1966 IMO Problems/Problem 4

Revision as of 17:06, 27 September 2010 by Levans (talk | contribs)

Solution

Assume that $\frac{1}{\sin{2x}}+\frac{1}{\sin{4x}}+\dots+\frac{1}{\sin{2^{n}x}}=\cot{x}-\cot{2^{n}x}$ is true, then we use $n=1$ and get $\cot x - \cot 2x = \frac {1}{\sin 2x}$.
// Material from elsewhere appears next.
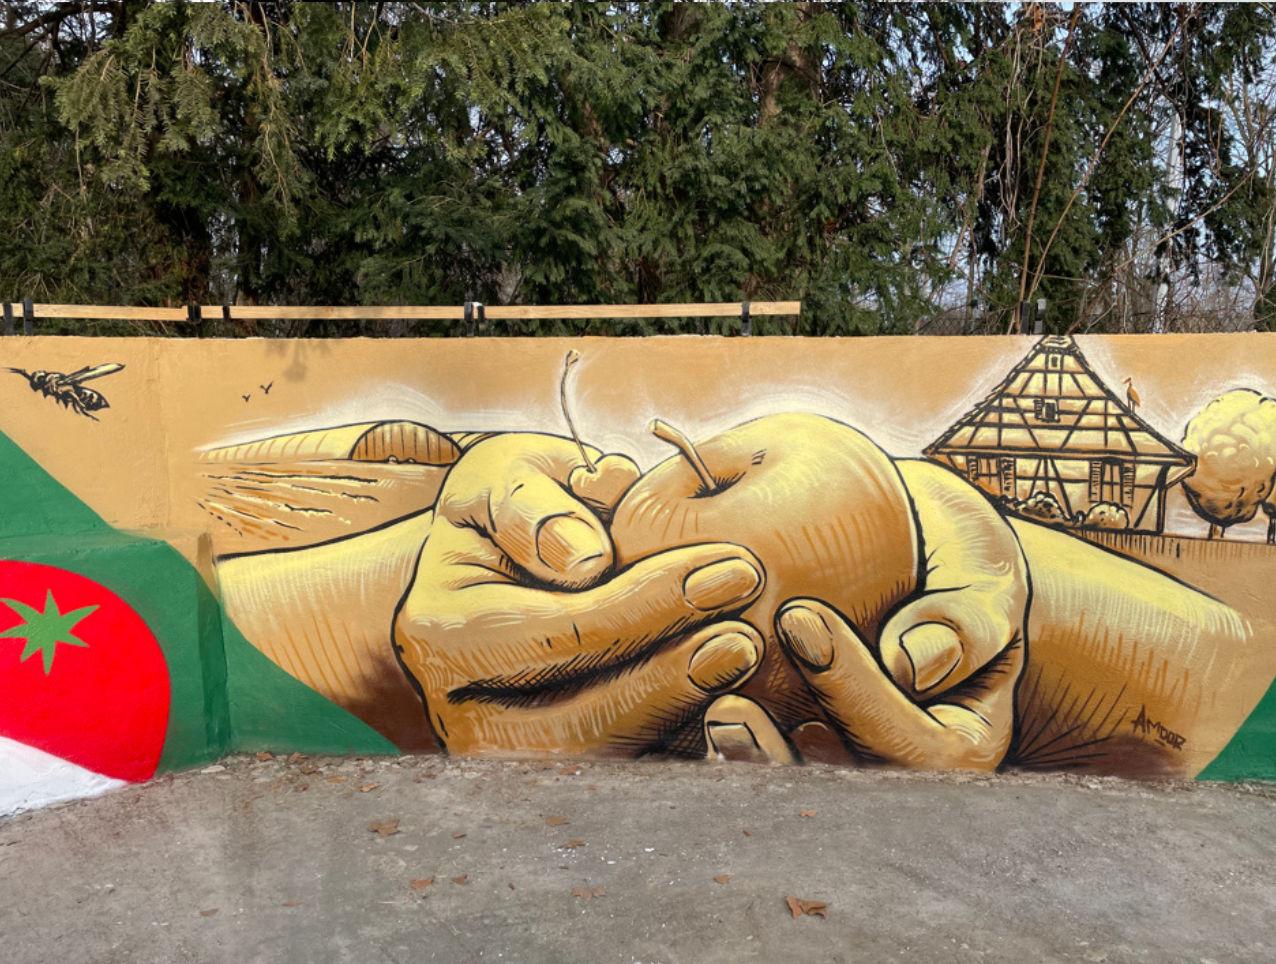 Fresque mains et fruits peinture art urbain graffiti street art

First, we prove $\cot x - \cot 2x = \frac {1}{\sin 2x}$

LHS=$\frac{\cos x}{\sin x}-\frac{\cos 2x}{\sin 2x}$

$= \frac{2\cos^2 x}{2\cos x \sin x}-\frac{2\cos^2 x -1}{\sin 2x}$

$=\frac{2\cos^2 x}{\sin 2x}-\frac{2\cos^2 x -1}{\sin 2x}$

$=\frac {1}{\sin 2x}$

Using the above formula, we can rewrite the original series as

$\cot x - \cot 2x + \cot 2x - \cot 4x + \cot 4x \cdot \cdot \cdot + \cot 2^{n-1} x - \cot 2^n x$

Which gives us the desired answer of $\cot x - \cot 2^n x$